• _ASSIGNED TASK_
Within the records that follow, restate exactly the lines from the line with "دانلود فیلم The Invisible Man Returns 1940" down to the line with "Une femme de", including both. Omit the pictures.

• _EXTRACTED RECORDS_
"""

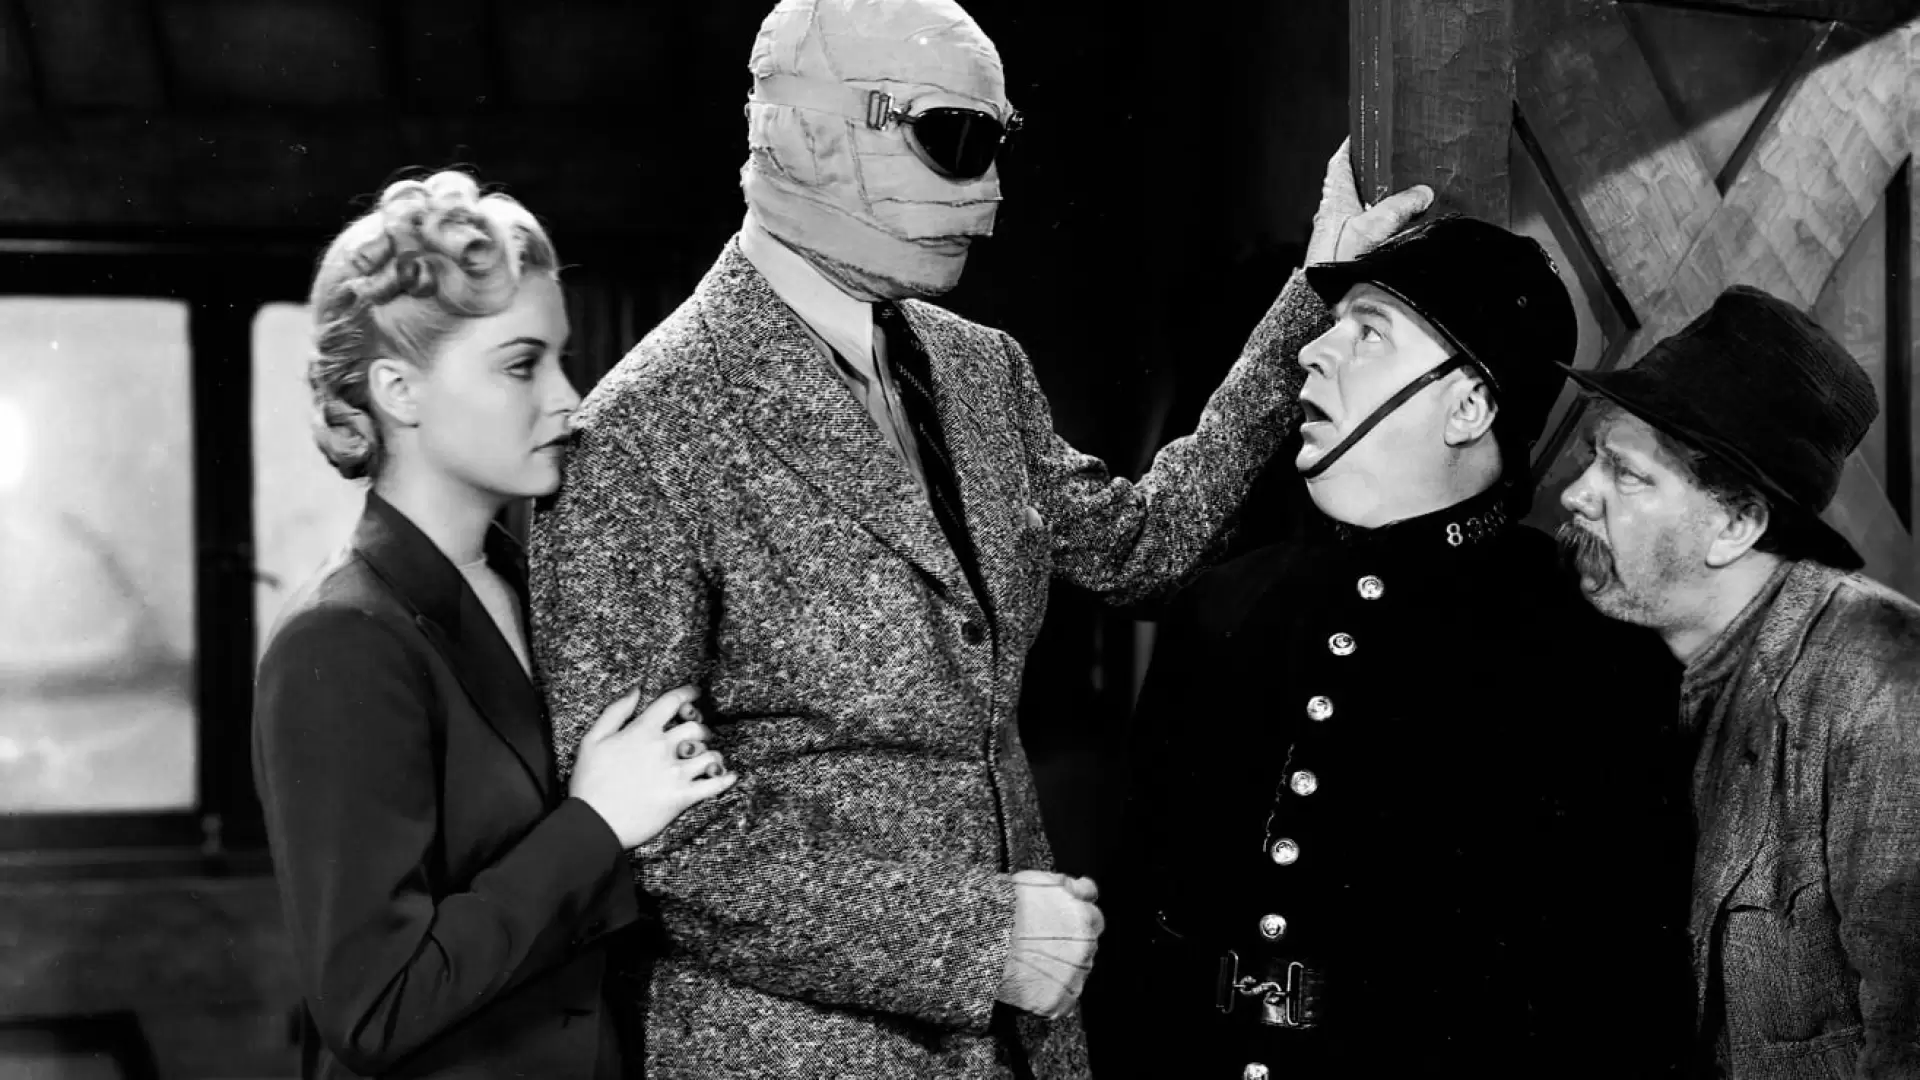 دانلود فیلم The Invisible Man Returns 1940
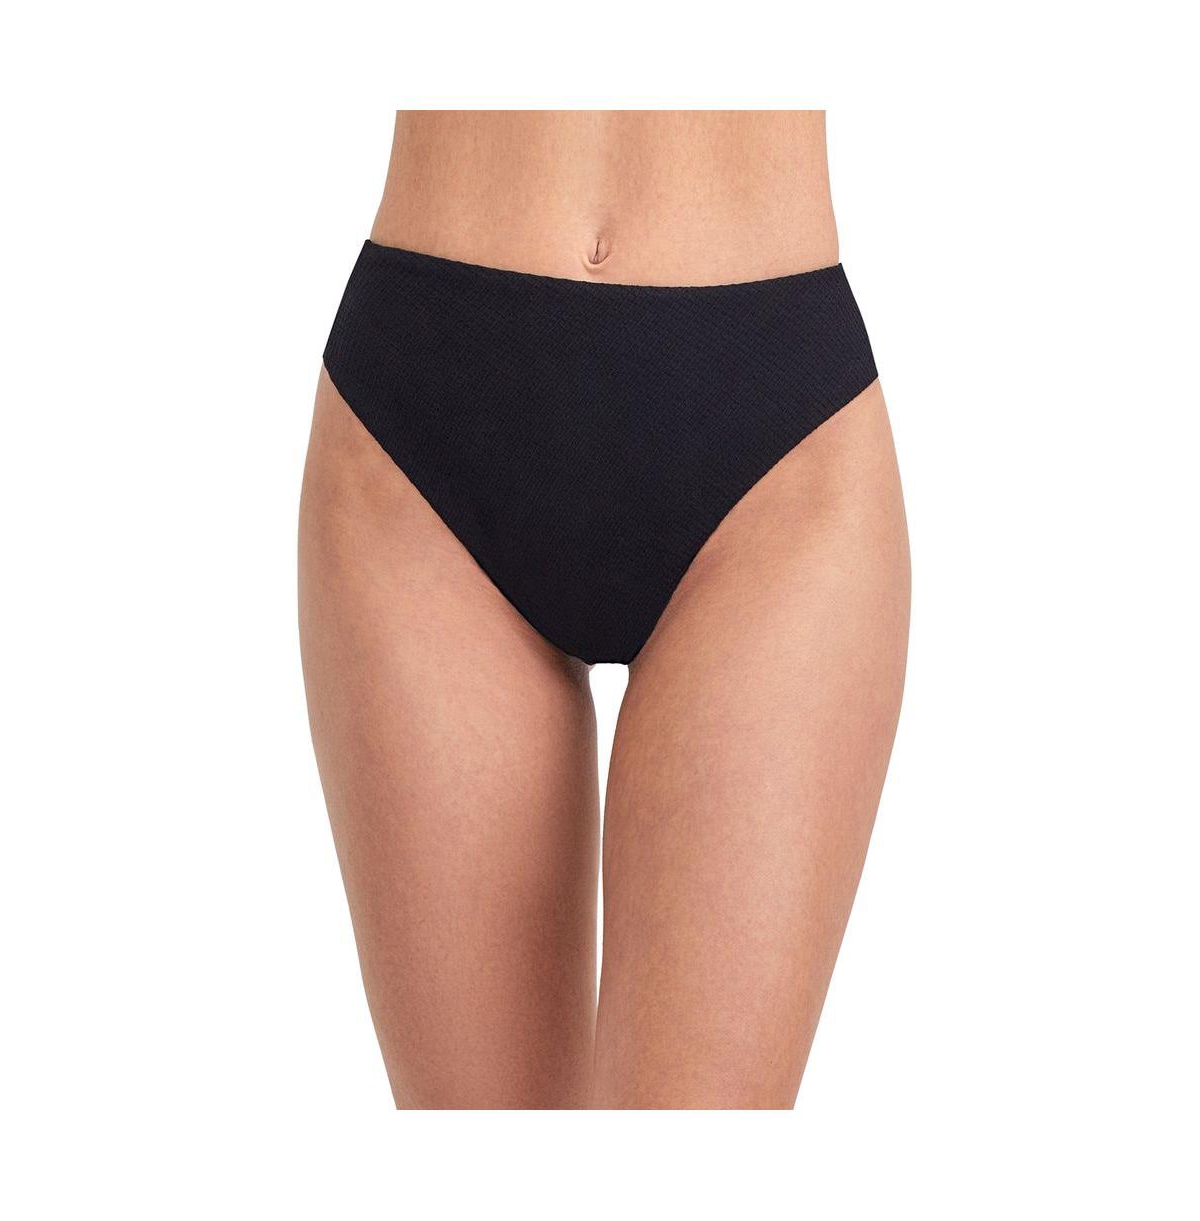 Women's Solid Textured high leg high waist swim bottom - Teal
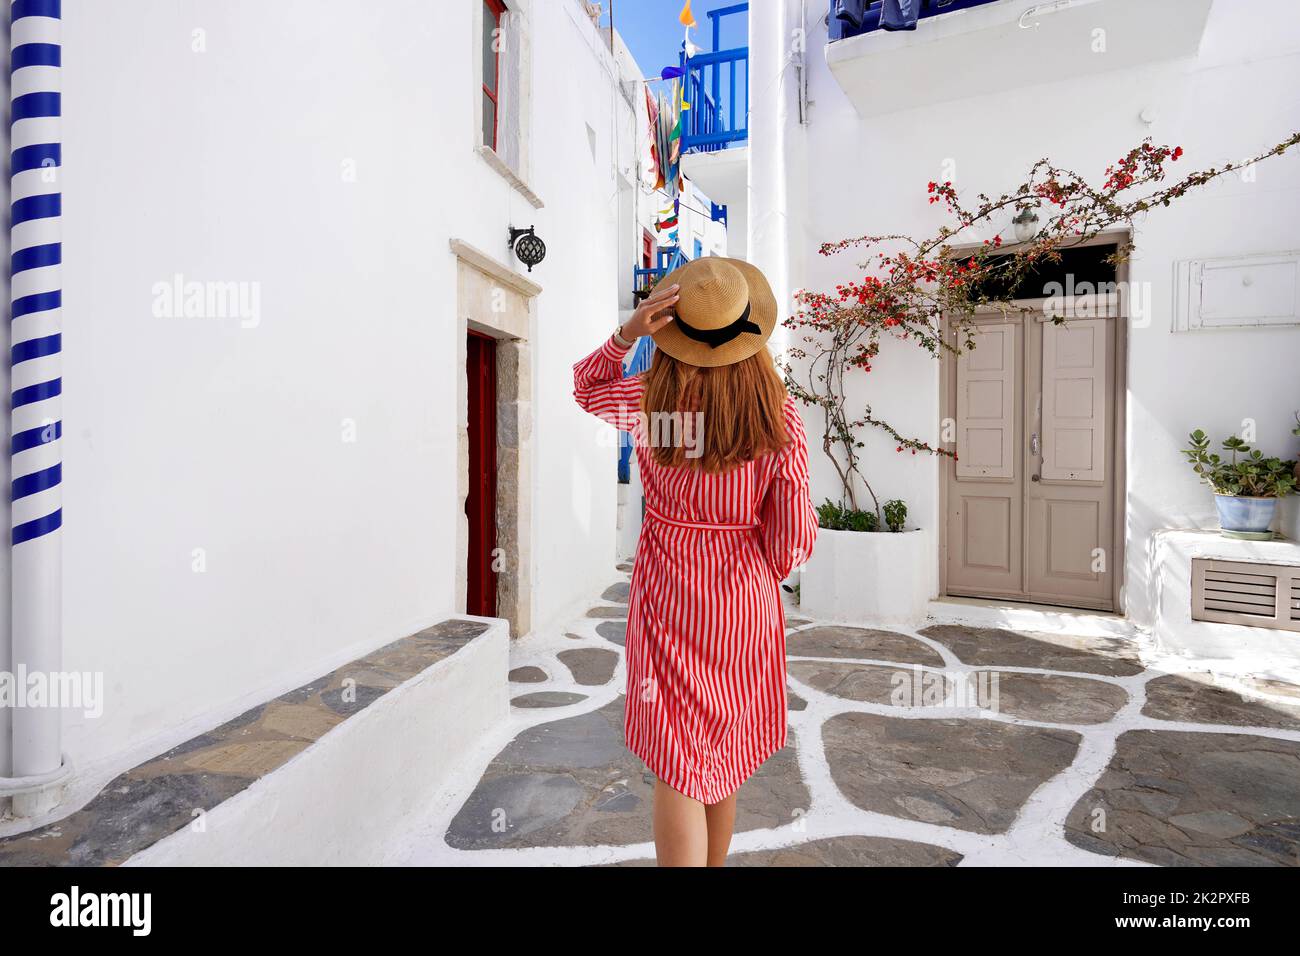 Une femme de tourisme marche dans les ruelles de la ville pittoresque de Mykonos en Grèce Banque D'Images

"""
"""

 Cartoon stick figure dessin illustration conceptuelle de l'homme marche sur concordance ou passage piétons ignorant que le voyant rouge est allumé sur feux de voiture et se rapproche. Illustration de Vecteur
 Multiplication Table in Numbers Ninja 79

"""
"""

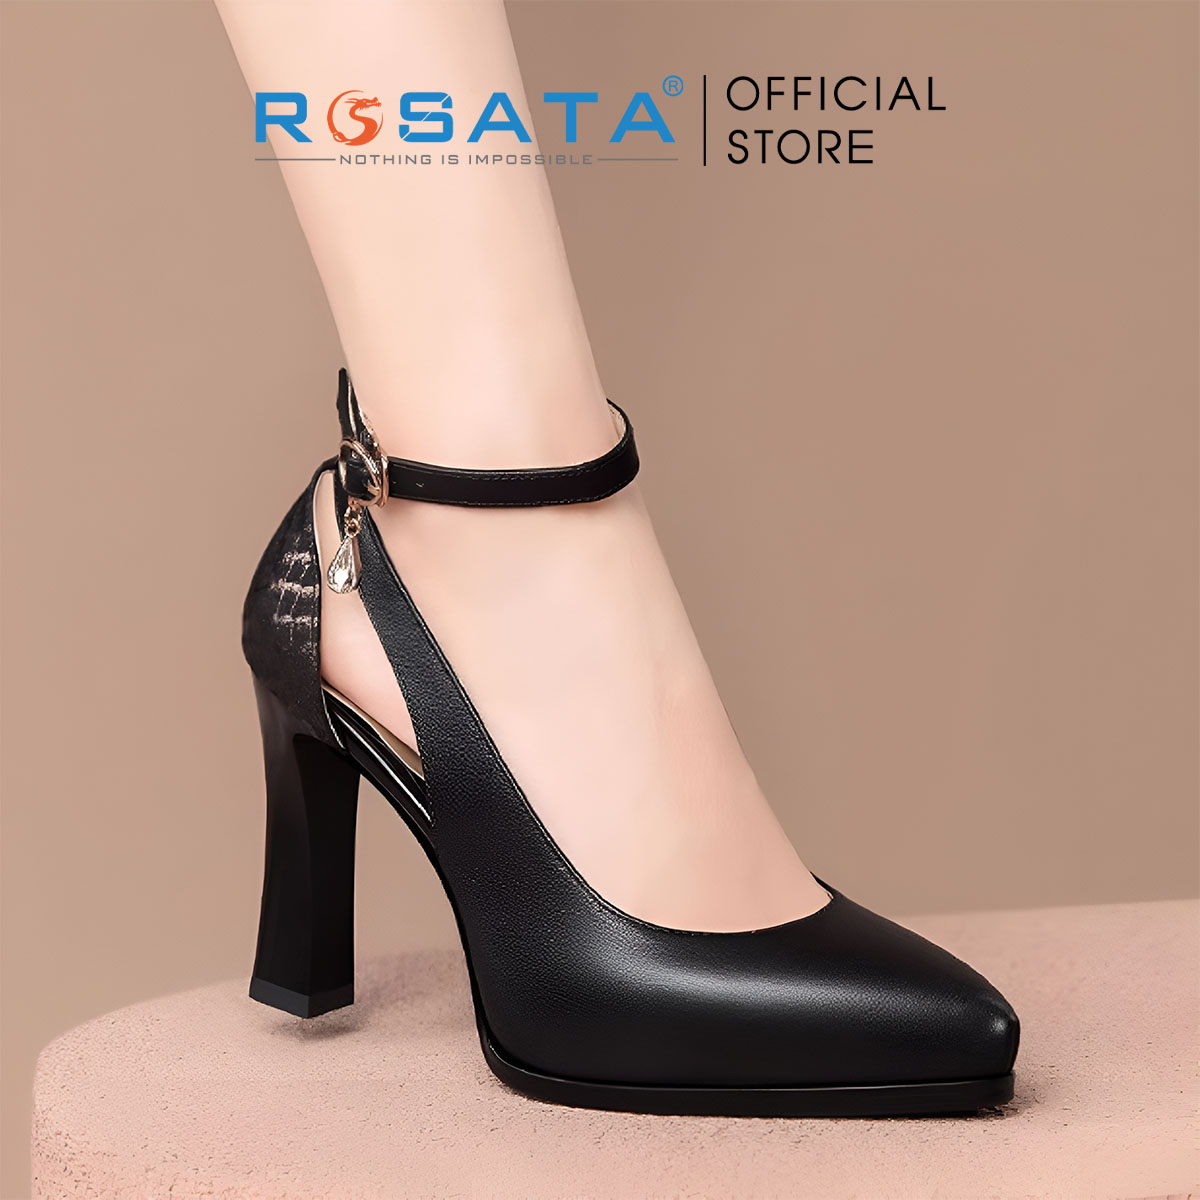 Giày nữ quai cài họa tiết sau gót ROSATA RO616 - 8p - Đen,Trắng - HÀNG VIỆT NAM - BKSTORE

"""

• _OUTPUT OF THE EXERCISE_
 دانلود فیلم The Invisible Man Returns 1940
 Women's Solid Textured high leg high waist swim bottom - Teal
 Une femme de tourisme marche dans les ruelles de la ville pittoresque de Mykonos en Grèce Banque D'Images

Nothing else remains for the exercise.